As shown in Fig. 10, for the same structural plane, the parameter intercept relating with fractal dimension is different as different scale space by PCM. But, to different sizes structural planes, even if the scale space is the same, the intercept varies greatly, as shown in Fig. 11. The Fig. 11 is the fitting results of the Case 2 of the Fig. 4b with different sizes but the same scale space which is from 2 to 32 pixels. As can be seen from Fig. 11, the larger size of the structure surface, in order to get the fitting points in small scale space, the smaller lnδ value is. So, the intercept is smaller.

Fig. 11
figure 11

Comparison diagram of fractal dimension fitting in different size

Fractal dimension has been widely recognized by many scholars to describe the morphological characteristics of structural surfaces. And some scholars have tried to use the parameter intercept to describe the size effect characteristics of structural surfaces [10]. However, from the above analysis, there is a defect in describing the structural surface by the parameter intercept. For Fig. 11, the intercept value of the surface 62.5 mm × 62.5 mm is much larger than that of the 2000 mm × 2000 mm. The main reason for this result is that the fitting points are distributed different location in the horizontal axis, rather than mainly depending on the morphology features.
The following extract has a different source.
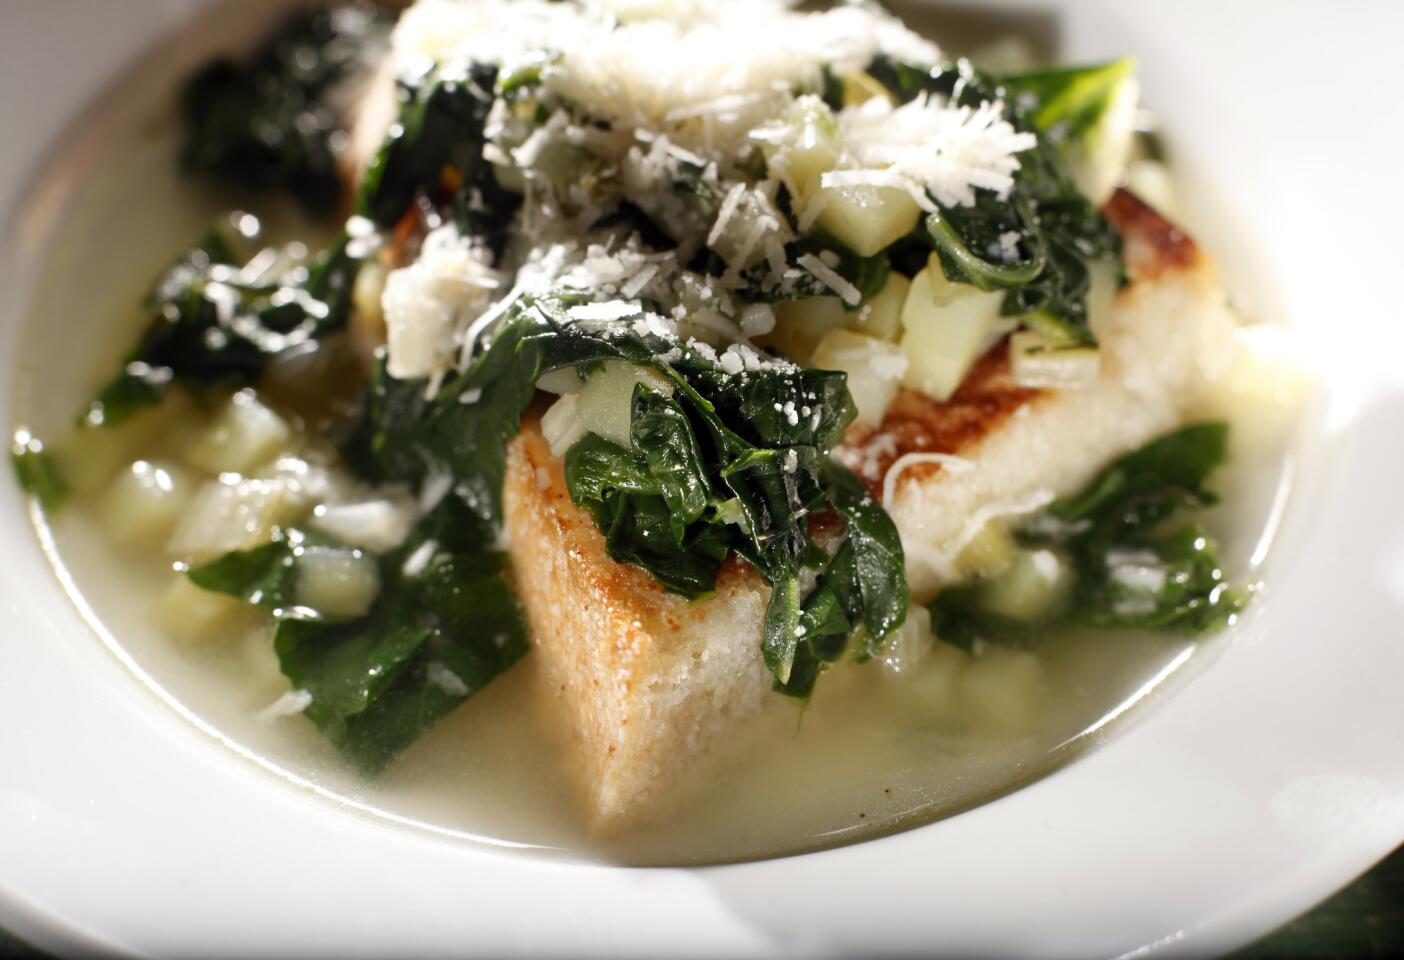 Chard soup on bread with cheese

Fortunately, in the following cases, the intercept can be used to further distinguish the roughness of structural surfaces, as shown in Fig. 12. The Line b in the Fig. 12 is formed by the overall downward shift of 0.304269 of the Line a. Although the slope of the two lines is the same, that is, the fractal dimensions are the same, the values of \(\ln \left[ {{{A_{{\text{T}}} \left( \delta \right)} \mathord{\left/ {\vphantom {{A_{{\text{T}}} \left( \delta \right)} {A_{{{\text{T}}0}} }}} \right. \kern-\nulldelimiterspace} {A_{{{\text{T}}0}} }}} \right]\) on Line b are all smaller than the values of that on Line a. Therefore, it can be concluded that the structural surface corresponding to Line a is rougher than that corresponding to Line b. In this case, the roughness of structural surfaces a and b can be further distinguished by the parameter intercept.

Fig. 12
figure 12

Comparison diagram of the same fractal dimensions but intercept

Conclusion

In this article, considering the shortcoming of the projective covering method, we put forward the improved projective covering method. Based on this, we analyzed the size effect characteristics of the two structural planes. By comparing and analyzing the fractal dimension trend of different size structural planes under different division schemes, the following conclusions are drawn.

  1. 1.

    Considering probability, by random connection method, the thousands of small grid cells in the whole structure plane are more consistent with the actual morphology. From the calculations, the fractal dimension by PCM is almost the limit value. So, it will be more reasonable that the mean of fractal dimension samples by IPCM is taken as the accurate fractal dimension of structure surfaces.

  2. 2.

    The size effect of structural surfaces roughness is related to the morphological characteristics of structural surfaces. Generally, as the size increases, the roughness of the structure surface first increases and then decreases. That is, it shows positive size effect in the small size range and negative size effect in the large size range.

  3. 3.

    Different size division schemes have an important influence on the size effect law of structural surfaces. In other words, the size division schemes of the same structural surface are different, and the size effect characteristics are also different. Therefore, the study of the size effect of structural surfaces cannot be limited to a certain size division scheme. Otherwise, the results are one-sided.

  4. 4.

    With the increase of the size of structural surfaces, the parameter \(\Delta D_{\max }^{SD}\) generally decreases and gradually tends to be stable. The stability value can be used to determine the reasonable size of structural planes. This parameter provides a new way to determine the reasonable size of structural surfaces.